QU201: Our National Community, Honors Section 03
Paul Pasquaretta, Research and Writing Institute coordinator
Read the essay (Adobe PDF)
From Paul Pasquaretta: The academic task of QU201 Honors Section 3 was to produce an anthology of course essays for public distribution. This resulted in "A Glimpse Behind the Veil: Essays on the American Dream," a group of ten linked pieces on various aspects of the American experience. The topics were selected by the individual writers in the group, who, following their personal inclinations, defined ten distinct topics for discussion and analysis. The work began with a reading of E.L. Doctorow's novel Ragtime, first published in 1975 after a decade of war, civil rights movements, and political upheaval in the United States. While technically fiction, the novel is a rich source of ideas, speculations, and information about American experience. The richness of Ragtime provides many opportunities for prioritizing the text, the initial acts of which became the basis for the essays in the collection. After deciding which aspects of the novel to claim as their own, the writers in "A Glimpse Behind the Veil" expanded the scope of their analyses, bringing into their orbit other required course texts: selections from Alexis DeTocqueville's Democracy in America and Ronald Takaki's A Different Mirror: A History of Multicultural America. Additionally, the writers were required to make connections to QU101 course texts. The collection is therefore replete with references to writers featured in the The Individual in the Community reader. With the assistance of Arnold Bernhard Library staff member Janet Valeski, who prepared a custom database, the group began teasing out the threads of their own inclinations, making connections along the way, and thus widening the scope of their thinking, speaking, and formal writing. The results of these labors are essays about American imperialism, immigration and social reform, escapism in American culture, ragtime music as a revolutionary force, the power of movies in shaping American society, women's rights, media culture and the lure of celebrity, the African American civil rights movement, anarchy and social revolution, and the progress and limitations of human rights. The course ended with a public symposium in which each member of the group presented his or her project as a PowerPoint.

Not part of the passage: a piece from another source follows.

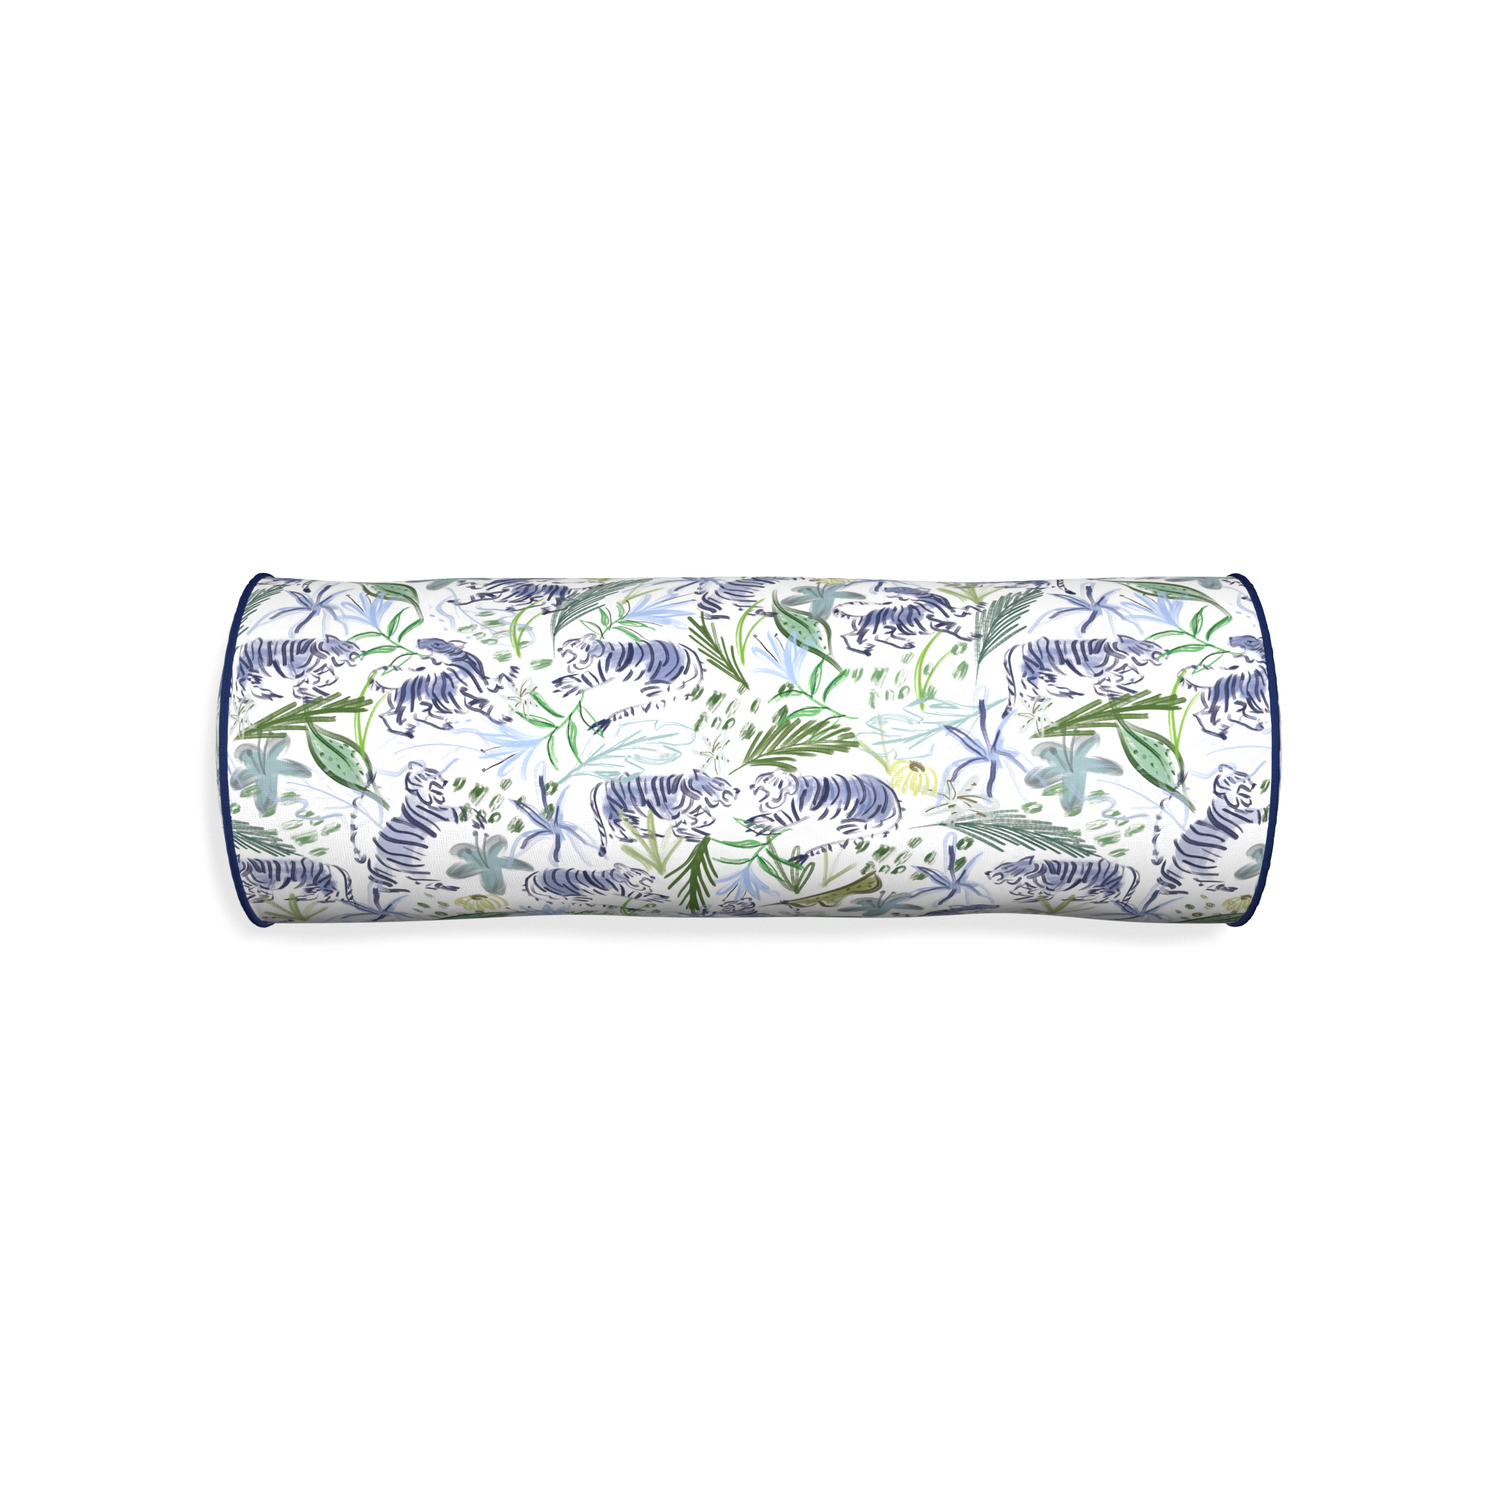 Bolster frida green custom green tigerpillow with midnight piping on white background

In addition to regular reading, annotation, and discussion tasks, the essays in "A Glimpse Behind the Veil" were developed from a series of benchmark assignments that included a research exploration statement with annotated citation, an abstract and annotated bibliography, and a series of drafts that were peer and professor reviewed. Specific guidelines for length, organization, style, and formatting were also included in the assignment design. Ms. Ampel, along with the other members of the group, produced remarkably thoughtful and well written pieces. Emily's is among the strongest of these. Her analysis is detailed, focused, and coherent throughout. It moves easily between primary and secondary source material while considering the impact of film on American society from multiple points of view. The maturity of her prose style and ability to turn complex phrases make for a truly enjoyable read. All in all, her dedication to the process established in the course has resulted in a well informed, well reasoned, and well written essay.